Remo shot ahead, catching up to the reptile.
He took hold of its jaws and closed them like a crude suitcase. Then, twisting, he took hold of the creature's forelegs, aligning his body with that of the reptile's.
Remo allowed himself to float upward. The feel of the alligator's knobby stomach against his back was like a pebbled beach. Although he was certain the creature had been stunned, he reached up and gave the slick stomach a tickle. He had heard that that made alligators go to sleep. He didn't believe it, but what could it hurt?
When the alligator's ridged back and protuberent eyes popped above the water's surface, there was no sign of Remo Williams.
The alligator started moving forward, looking for all the world like any ordinary alligator swimming through the Everglades-except that this one's legs did not kick and his long tail, instead of trailing behind, drooped forlornly in the brackish water.

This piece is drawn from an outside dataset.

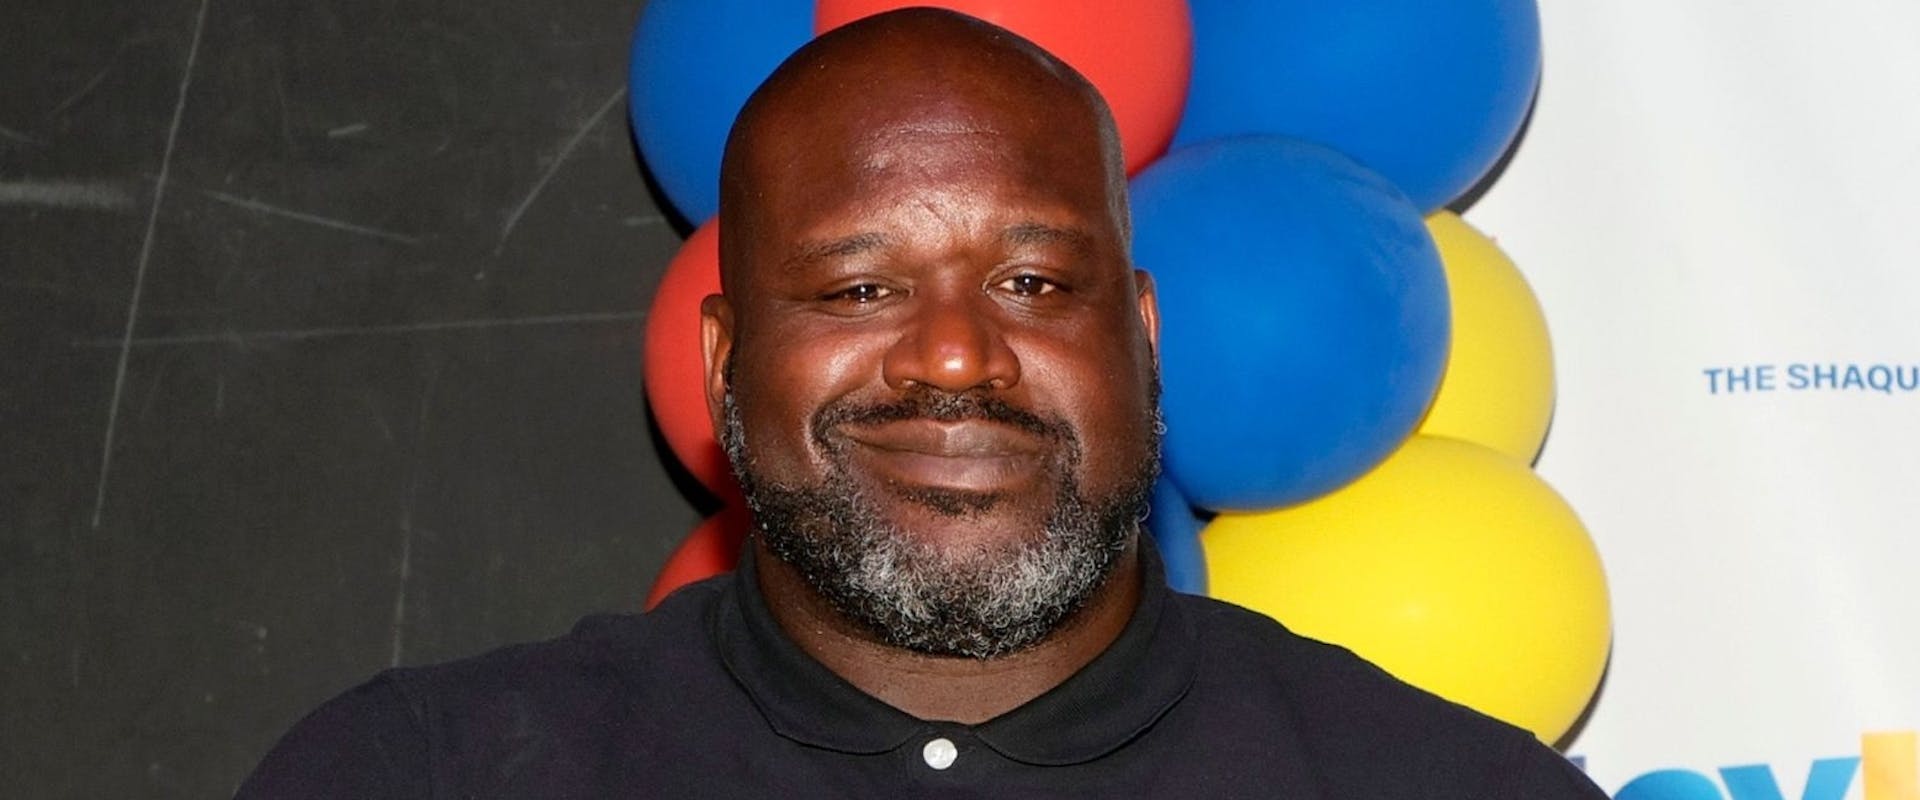 Former NBA player Shaquille O'Neal poses as he attends the unveiling of the Shaq Courts at the Doolittle Complex donated by Icy Hot and the Shaquille O'Neal Foundation in partnership with the city of Las Vegas on October 23, 2021 in Las Vegas, Nevada.

Because he wanted the reptile to look as natural as possible, Remo made more splashings with his feet than he needed to pilot the alligator to his destination.
Remo's plan was simple. He was going to push the alligator along like a horny torpedo, toward the baptismal site, then slip away.
While everyone-and more importantly, every camera-was focused on the reptile, he would slip out of the water, deal with the target, and slip back. A single heartstopping blow would make it look like Nogeira had suffered a heart attack.
The unexpected crackle of gunfire made Remo abandon the plan, and the alligator. At first Remo thought they had spotted the gator too soon, and had opened up on it.
He pushed against the beast, seeking the water bottom. His idea was to get as deep as possible. Most bullets lost force and direction upon entering the water.
As soon as Remo touched bottom, he realized the gunfire was not directed toward him or the gator. There were almost no sounds of bullets plunking into water.
Remo took a chance. He thrust his head above the waterline.
He saw pandemonium.
The phalanx of beached air-boats was coming apart in a storm of automatic weapons fire. The protective steel cages over the pusher propellers seemed to be melting, the firing was so fierce.
The Federal marshals and FBI agents drew weapons and dived for cover. The media, however, simply stood their ground busily recording every bullet strike and sound as if they h
ad papal dispensations to protect them from harm.
The sources of the firing were the approaching airboats and cigarette boats. Brown-skinned gunmen lined the rails. Assorted Uzis, Mac-10s, Tec-9s and other vicious weapons were pouring out concentrated hell.
Everyone seemed to have a role to play in the sudden drama-except General Emmanuel Nogeira. He stood frozen, bestial face going from the converging attackers to the federal agents digging in for cover. His wide mouth hung open like a greedy frog's.
It was clear the general didn't know whether he was being attacked or rescued.
In the act of pulling the general's groping hand from her skirt, Rona Ripper went white as a sheet.
General Nogeira grabbed her and wrestled her around and in front of him. Bullets chopped moss off cypress tree branches and made plinking sounds in the water.
Remo submerged.
The attacking boats were not far from his position. He laid his palms on his thighs and gave a great double kick.
Remo became a human arrow. As he passed under a pair of boats, he poked holes in the careening hulls. If any of the cameras had been underwater, they would have recorded a casual tapping. Remo used one finger. It was enough.
Perfectly round finger-sized holes perforated the hulls. Water surged in. Then the crafts began to wallow and slow down.
Remo veered toward an air-boat. Its flat bottom surged over him.
He took hold of the dangling rudder and made a fist. The fist went through the aluminum hull as if the fist were aluminum and the hull mere flesh.
Kicking back, Remo got out of the way.
The air-boat, being shallow, simply dropped. Mud began stirring up when the great spinning fan dropped below the water line.
Remo moved among the floundering passengers, pulling them down by their legs and breaking their spines at the neck like a farmer harvesting chickens.
Through the nicely sound-conducting water, Remo caught the shrill scream of panic.